Topic: guggi

Gavin and Guggi sign at Sister Ray

Gavin Friday and Guggi will be signing copies of the re-issued Virgin Prunes CDs at London’s indie record shop ‘Sister Ray’ on September 29th, before their Nag Nag Nag DJ set.
Signing will start early afternoon around 1.30 for copies purchased in Sister Ray.
Sister Ray
94 Berwick Street
Soho
LONDON
W1F 0QF

Sunday Times interviews Gavin, Guggi and Bono

Guggi, Gavin Friday and Bono have been interviewed by Michael Ross, culture editor of the Sunday Times (Irish edition). The article’s focus will be on the oddity of their very different personalities retaining a friendship for the better part of 30 years. The interviews were done separately, but a photo session was done with the three of them together. Whether the article will appear in the UK version of the Sunday Times is as yet unknown, as is the publishing date. An exhibition of Guggi’s paintings opens at the Solomon Gallery in Dublin on October 7.

‘All three of us are reactions to our fathers’

An excerpt from a September 2002 Sunday Times’ Culture Section interview with Gavin, Gavin and Bono – promoting Guggi’s art exhibition in the Solomon Galleries in Dublin:

“To a large extent, all three of us are reactions to our fathers” says Gavin. “Bono has always spoken highly of his father, but he had the easiest time of the three of us when it came to fathers. In Guggi’s case, you don’t have to be Freud to see that the man with probably the longest hair in Dublin, who paints bowls, just might be a reaction to the father who inflicted the bowl haircut on him as a child. His upbringing and his partner, Sibylle have been his biggest influences.”

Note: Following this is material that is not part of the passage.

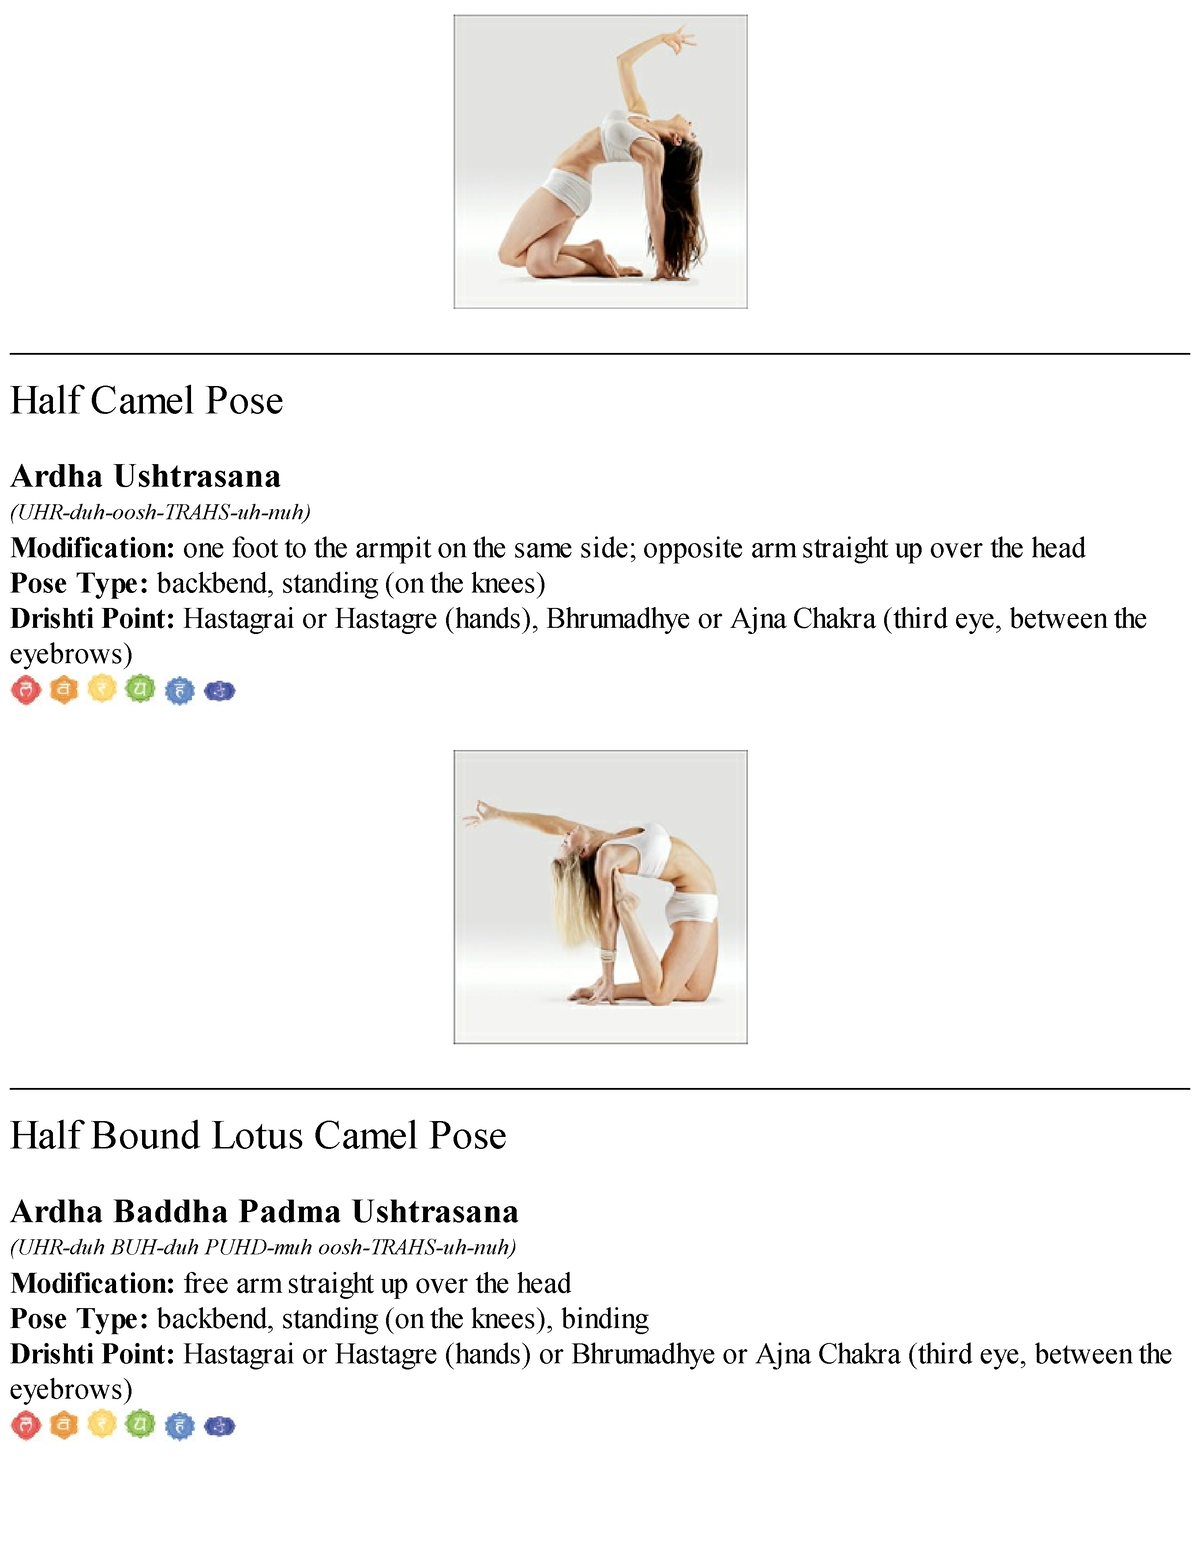 Learn the Camel Pose - Ushtrasana - Learn Yoga | Sikana

“The most important thing about his painting is its religious quality, which can be traced back to his upbringing” says Bono. “There’s a religious intensity to it, a monastic quietness, even in the canvases that look the least religious: a bowl is never just a bowl with Guggi-it’s the most intense bowl you’ll ever see.”

Gavin regards Guggi’s bowls as the equivalent of pop singles and can see him moving into more abstract work. “The bowls are immediate, they’re easily digested. Guggi has done the pop thing: the concepts album awaits.”

Guggi is not so sure. “Bowls are my language,” he says. They are no more important to me than they are to anybody else. They’re just shapes. But I’ve no plans to move out of bowls. I’d change tomorrow if I felt I should. But I see endless possibilities for the bowl.”